Requirement: Look below for the line holding "Manillón rectangular inox" and the line holding "Carhartt Storm Defender". Repeat those two and everything between, exactly.

Extracted material:
· · · · · · ·

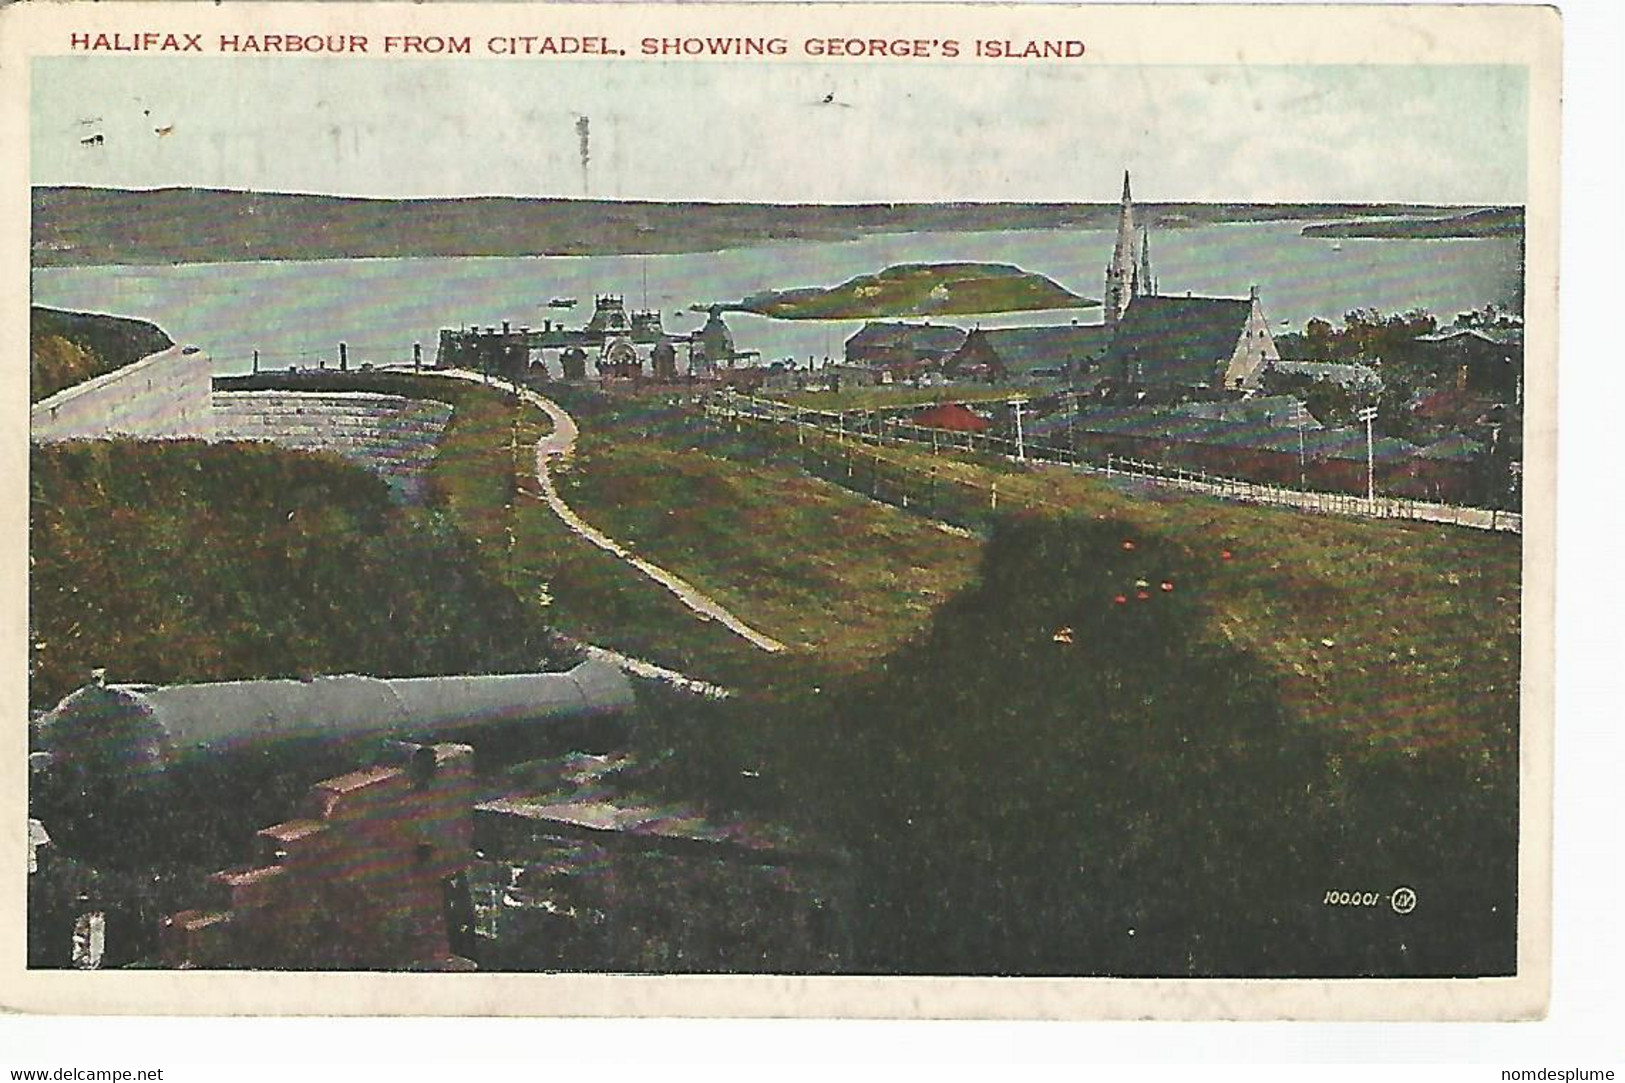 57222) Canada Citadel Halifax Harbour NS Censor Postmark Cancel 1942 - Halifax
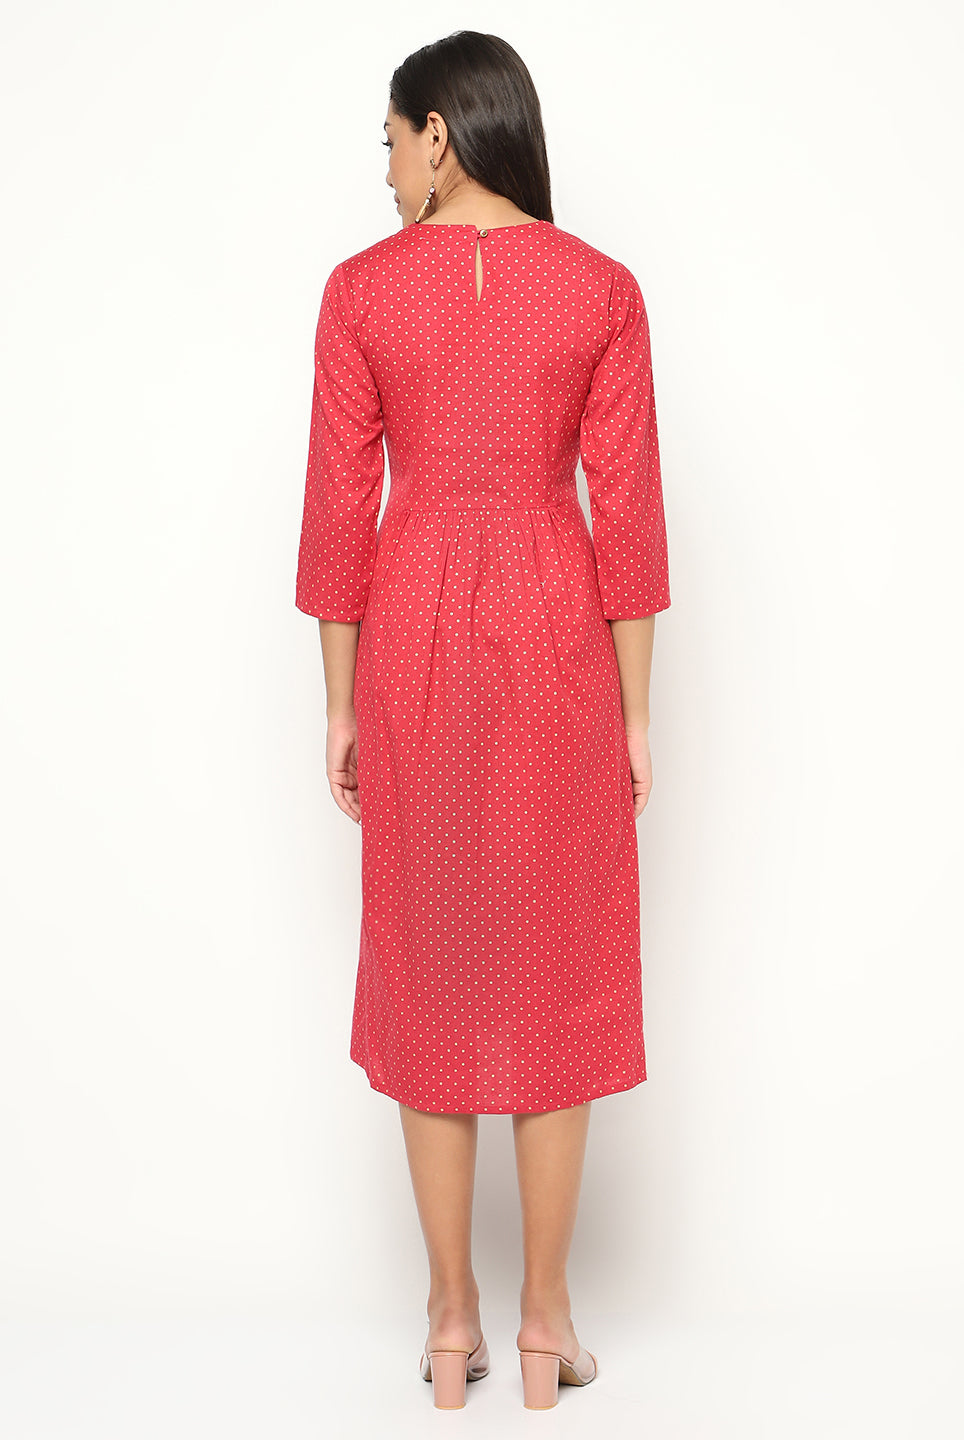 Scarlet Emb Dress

· · · · · · ·

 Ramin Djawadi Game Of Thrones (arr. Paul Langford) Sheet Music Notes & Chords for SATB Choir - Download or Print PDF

· · · · · · ·

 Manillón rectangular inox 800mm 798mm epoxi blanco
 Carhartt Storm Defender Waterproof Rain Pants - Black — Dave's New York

· · · · · · ·

Exercise response:
 Manillón rectangular inox 800mm 798mm epoxi blanco
 Carhartt Storm Defender Waterproof Rain Pants - Black — Dave's New York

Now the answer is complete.